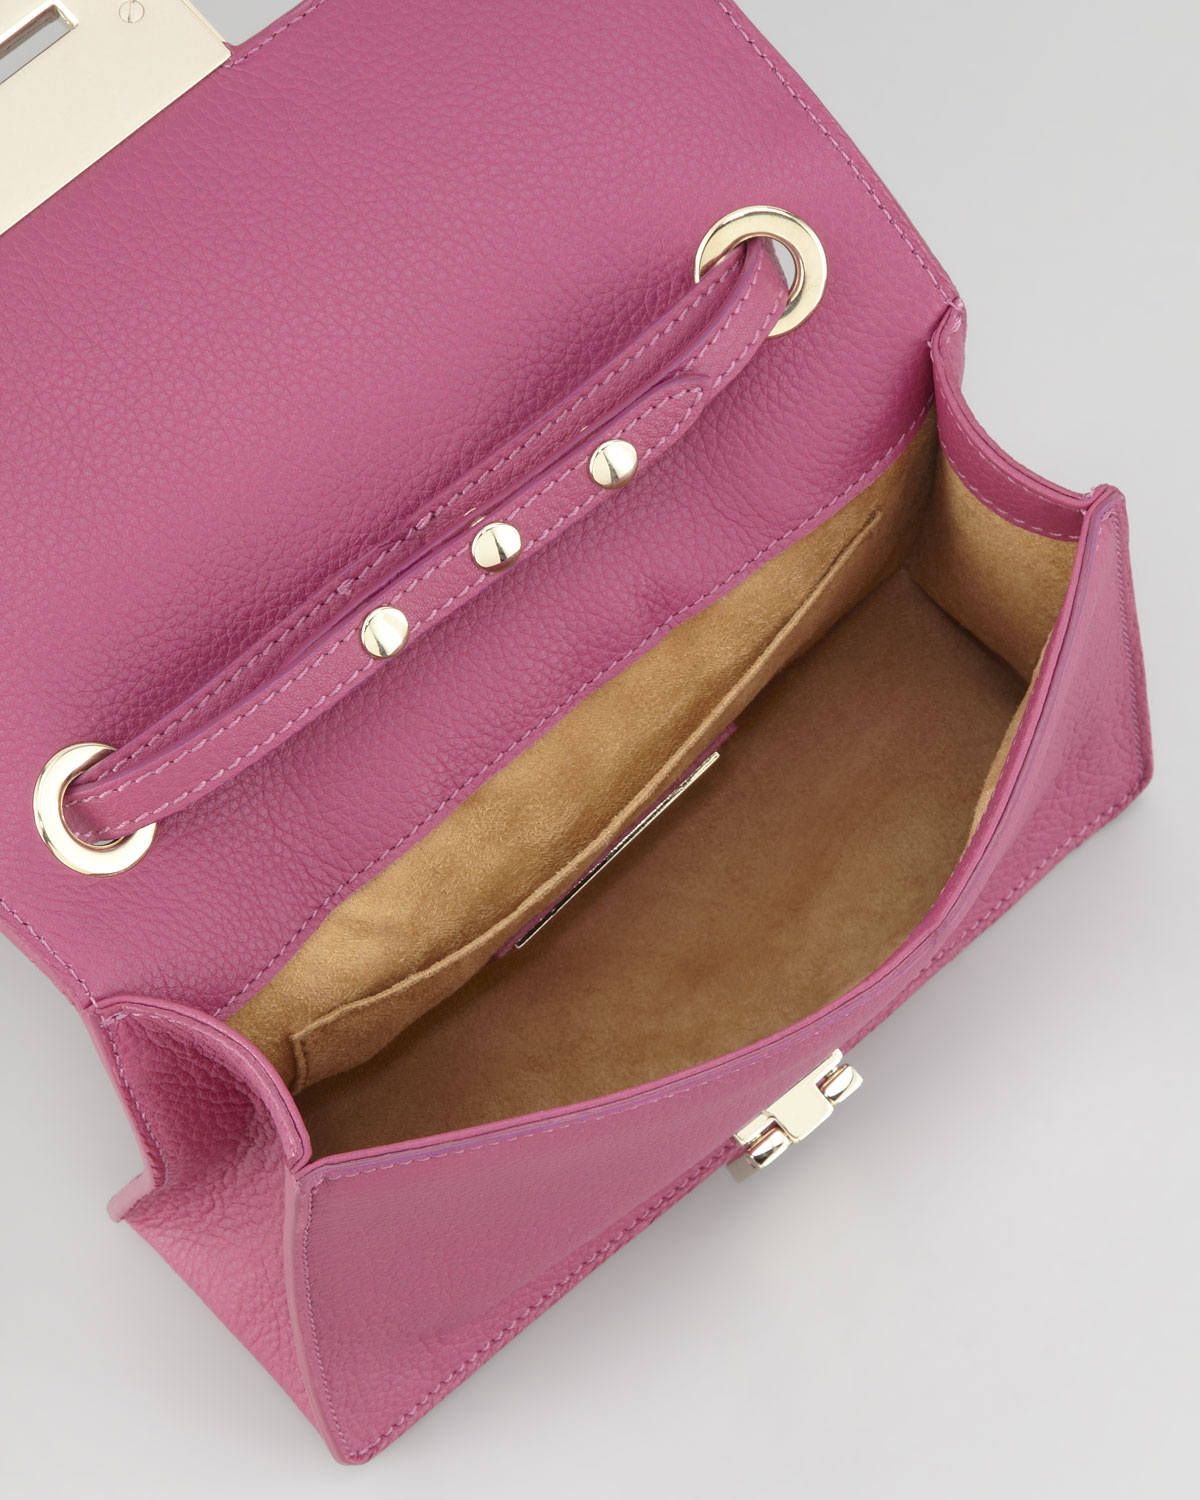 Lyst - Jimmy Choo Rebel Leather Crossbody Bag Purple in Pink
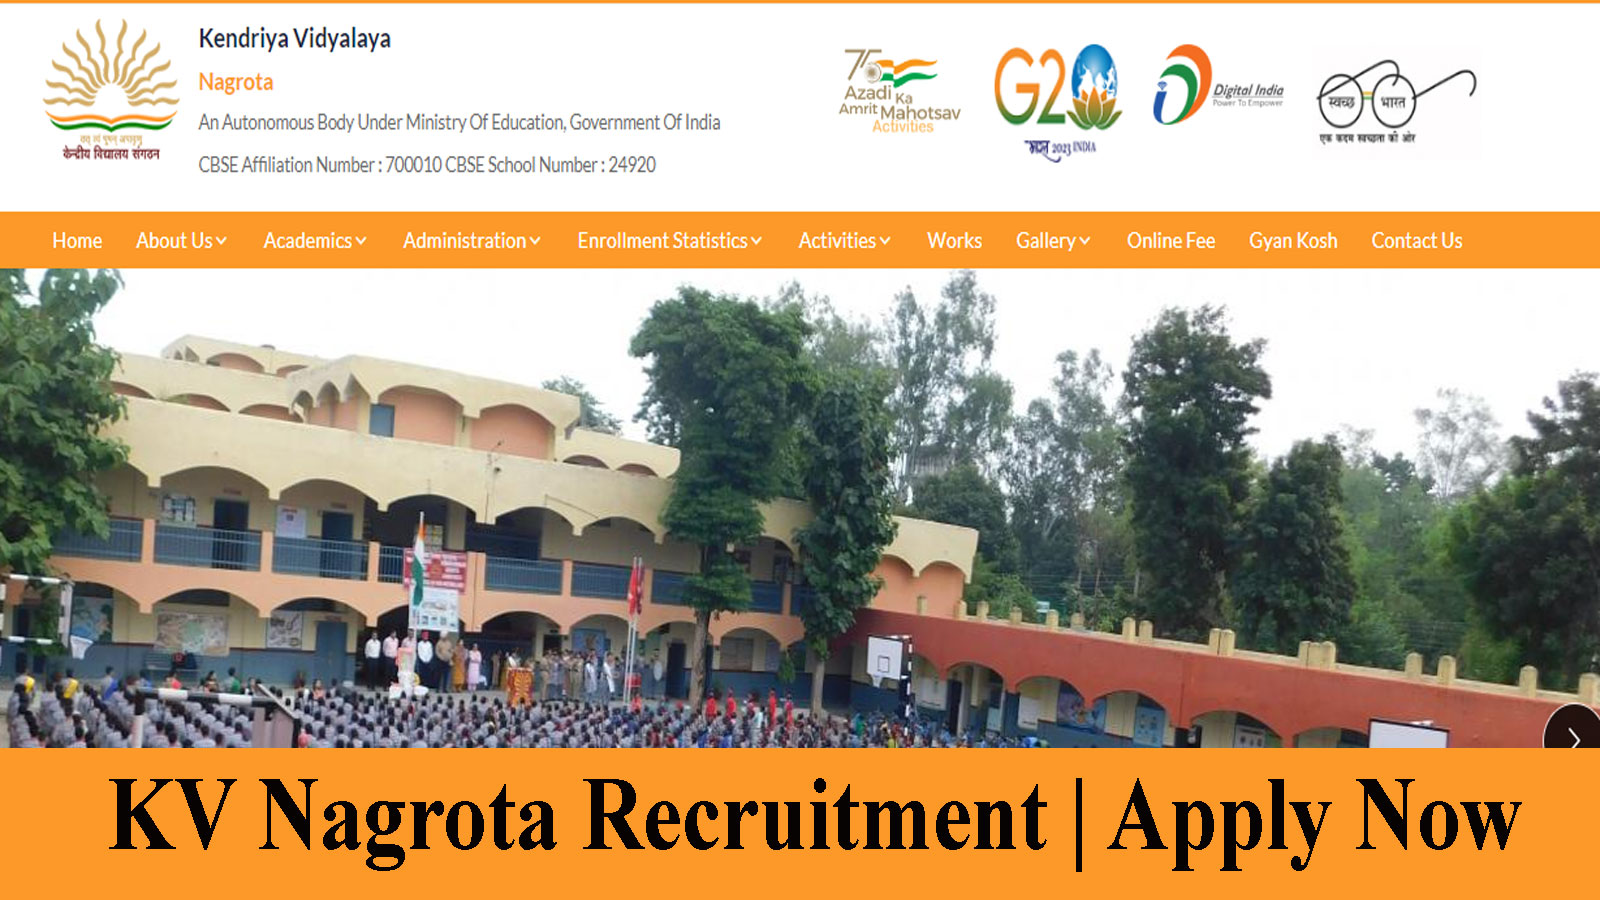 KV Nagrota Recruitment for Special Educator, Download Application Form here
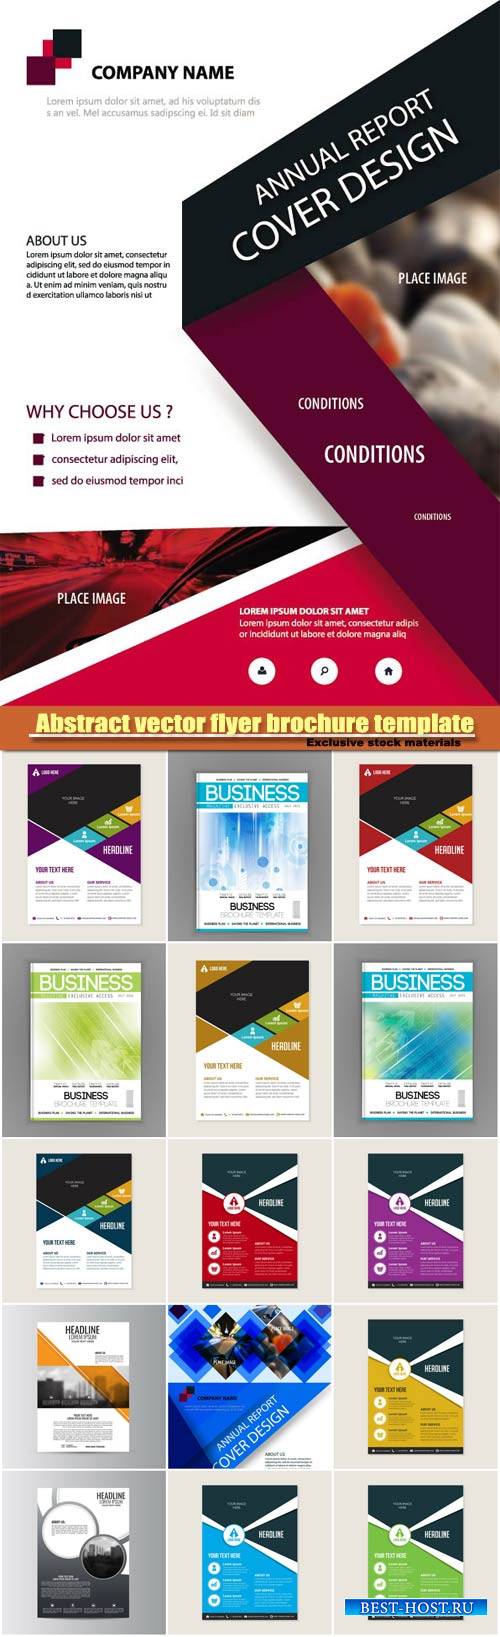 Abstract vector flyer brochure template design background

## ABOUT THIS EXERCISE
Everything in the listing should be copied exactly, apart from the images it holds.

## ANSWER FOR THE TASK
 Lyst - Jimmy Choo Rebel Leather Crossbody Bag Purple in Pink
 KV Nagrota Recruitment for Special Educator, Download Application Form here
 Abstract vector flyer brochure template design background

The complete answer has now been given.